Рабдомиосаркома: обзор

Пер. с англ. Н.Д. Фирсовой

 

Эпидемиология

Рабдомиосаркома (РМС) представляет собой злокачественную опухоль мезенхимального происхождения, которая развивается из клеток скелетных мышц. В США ежегодно диагностируется примерно 250 случаев, это третья по распространенности экстракраниальная солидная опухоль детского возраста после опухоли Вильмса и нейробластомы. РМС является наиболее распространенной саркомой мягких тканей с годовой частотой от 4 до 7 на 1 млн детей в возрасте 15 лет и младше.
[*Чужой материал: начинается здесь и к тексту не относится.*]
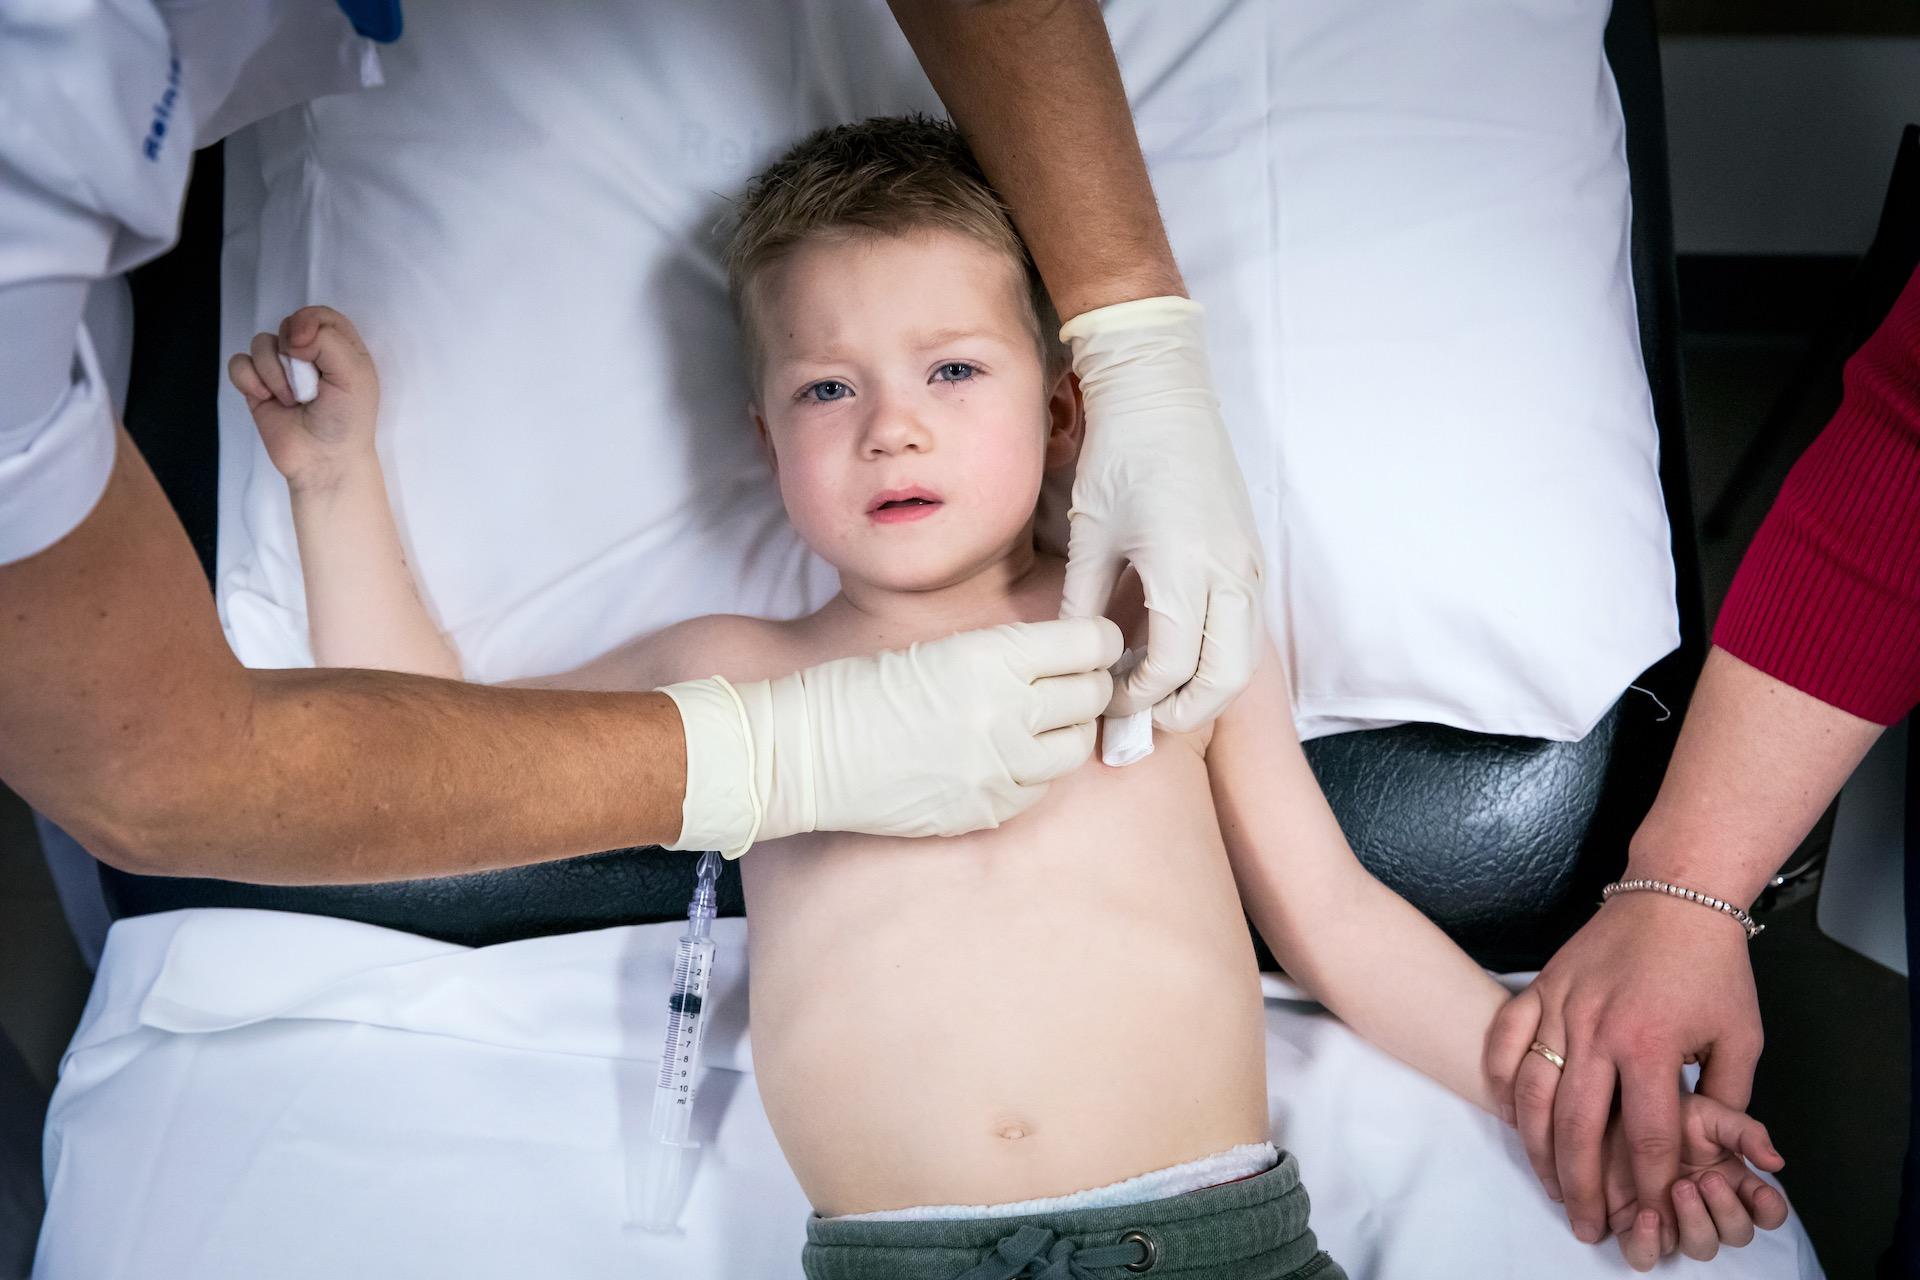 Ondanks zijn jonge leeftijd wordt Daley (3) al twee jaar behandeld tegen leukemie. Elke week moet hij naar het ziekenhuis. Op donderdag krijgt hij voor de 107e keer een prik. Zijn porth a cath wordt voor de 91e keer aangeprikt. En hij krijgt voor de 114e keer chemo door zijn lijn. In totaal heeft Daley 646 chemo's gehad. Ook is hij 46 keer opgenomen, waarvan 31 keer in isolatie en 14 keer spoedopname. Zo klein en 17 keer geopereerd, 34 neussondes gehad, 120 rotdagen, 5 ritjes met de ambulance.

Приблизительно 65% случаев диагностируется у детей до 6 лет, остальные 35% приходятся на возрастную группу от 10 до 18 лет. В несколько большей степени (1,3-1,5) заболеванию подвержены мальчики.

Отличительные особенности группируются вокруг месторасположения первичной опухоли, возраста при постановке диагноза и гистологического подтипа. Например, РМС головы и шеи чаще встречается у детей младшего возраста, причем орбитальные опухоли в большинстве случаев характеризуются эмбриональной гистологией. Опухоли конечностей чаще встречаются у подростков и чаще имеют альвеолярный гистологический подтип. Почти 80% РМС мочеполовой системы являются эмбриональными. Ботриоидный вариант РМС (мочевого пузыря или влагалища), встречается почти исключительно у младенцев.

 

Клиническая картина

Симптомы РМС зависят от локализации и происхождения первичной опухоли, возраста пациента, а также наличия или отсутствия метастазов.

РМС головы и шеи локализуются в орбите, параменингеальных областях (среднее ухо, полость носа, придаточные пазухи носа, носоглотка и подвисочная ямка) и других областях (скальп, околоушная железа, полость рта, глотка, щитовидная железа и паращитовидные железы и шея). Эти опухоли обычно относятся к эмбриональному подтипу и редко распространяются на региональные лимфатические узлы. Орбитальные опухоли продуцируют проптоз, а иногда и офтальмоплегию. Образующиеся в параменингеальных областях часто вызывают обструкцию носовую, слуховую или синусовую обструкцию с наличием или без слизисто-гнойных или кровянистых выделений. РМС головы и шеи, возникающие на других участках, обычно представляют собой безболезненную увеличивающуюся опухолевую массу, которая, как правило, остается локализованной.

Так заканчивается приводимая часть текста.